What you are asked to do:
Can the lines below, from the one that holds "Cypres Muiltjes - slippers metaal" to the very end, be echoed exactly, with both ends included and no pictures?

== Given information

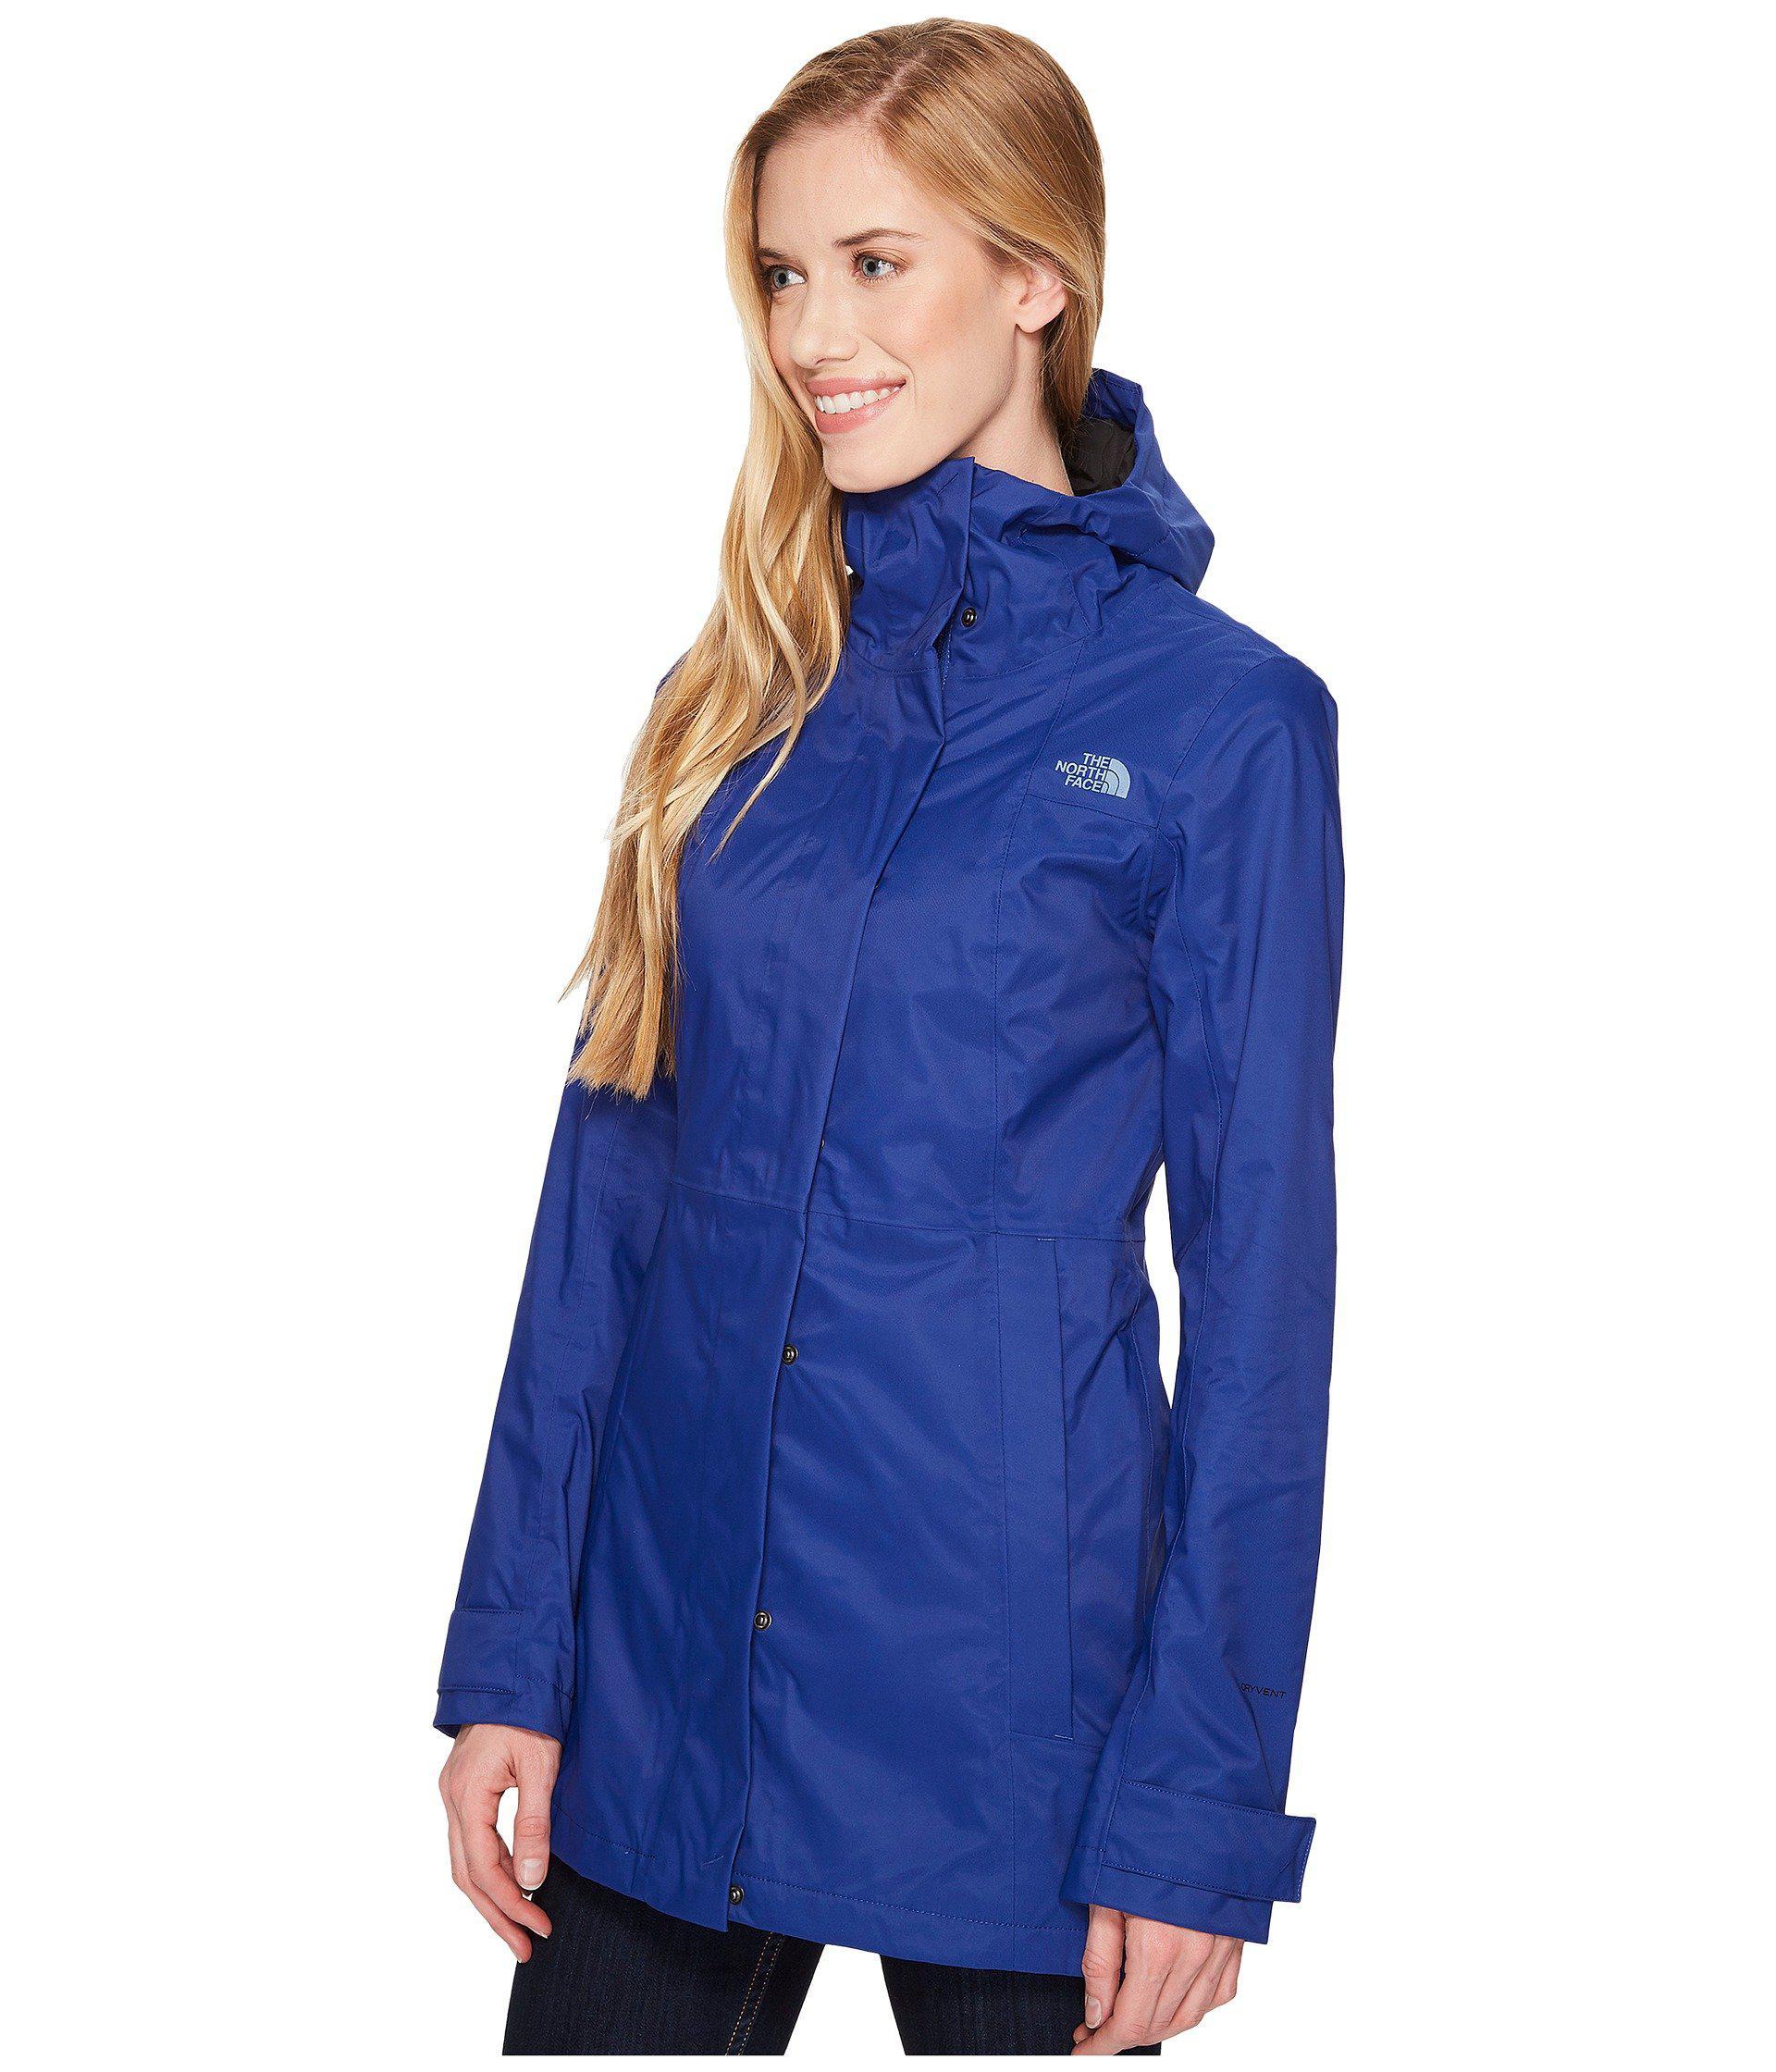 e30a42036d95 Lyst - The North Face City Midi Trench (tnf Black) Women s Coat in Blue
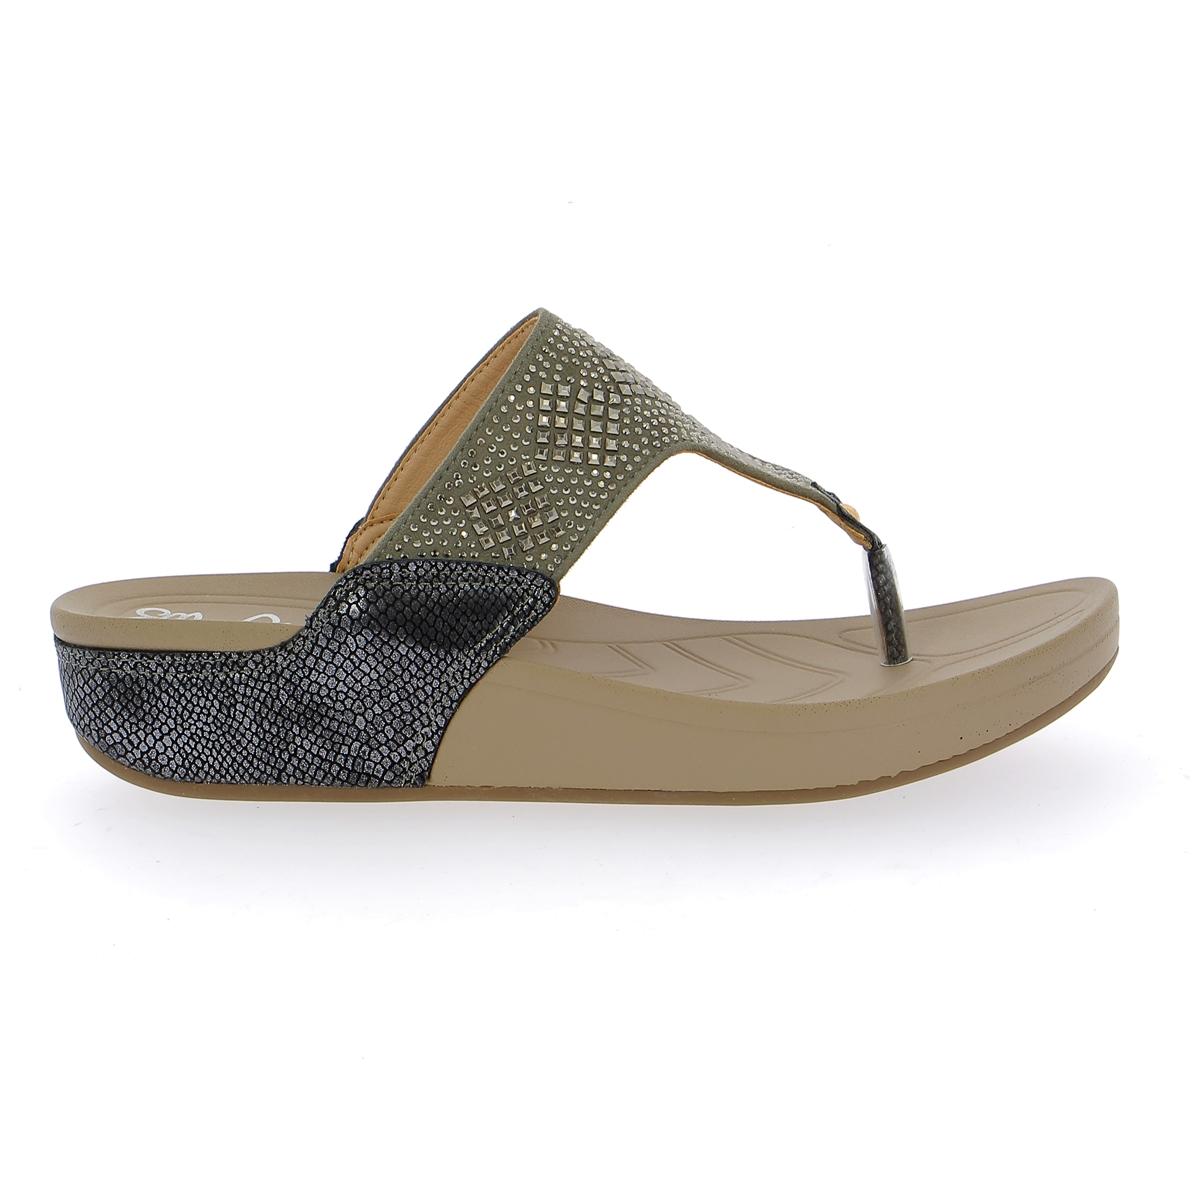 Cypres Muiltjes - slippers metaal
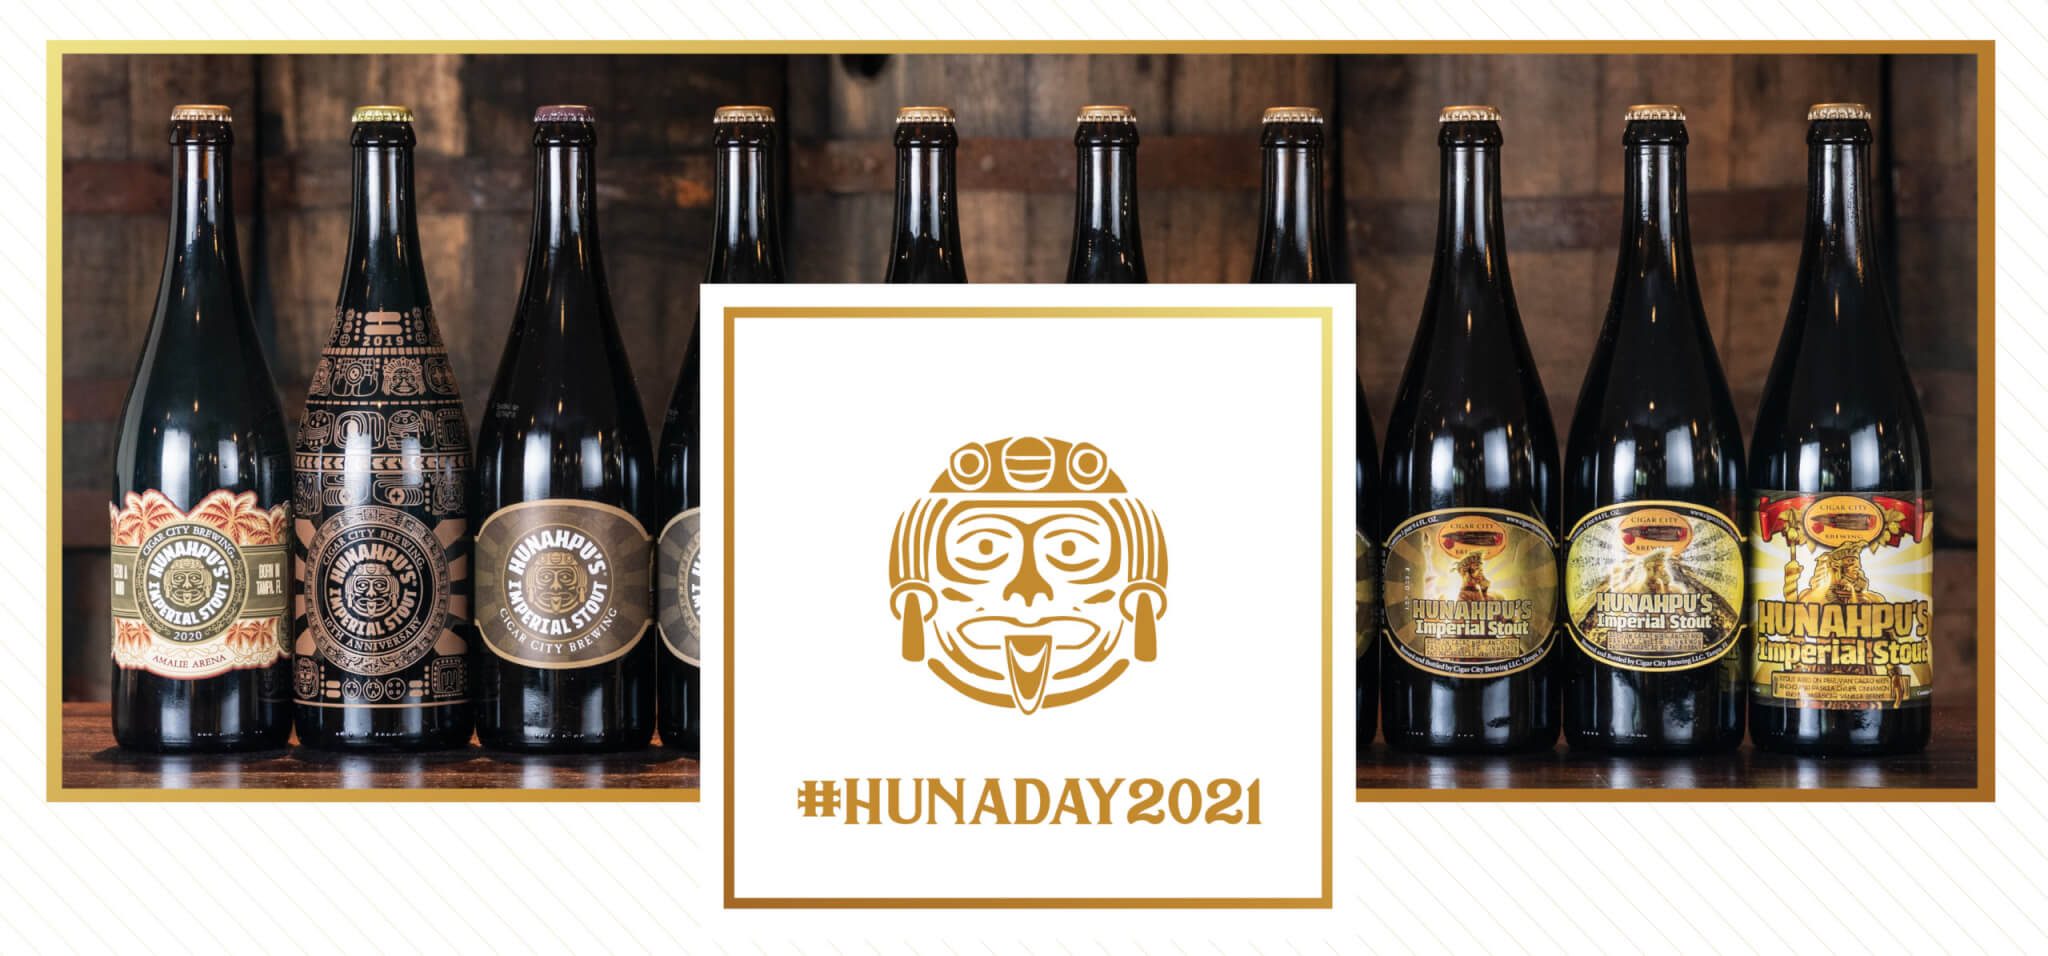 Hunahpu 2021 Banner

====

Response area:
 Cypres Muiltjes - slippers metaal
 Hunahpu 2021 Banner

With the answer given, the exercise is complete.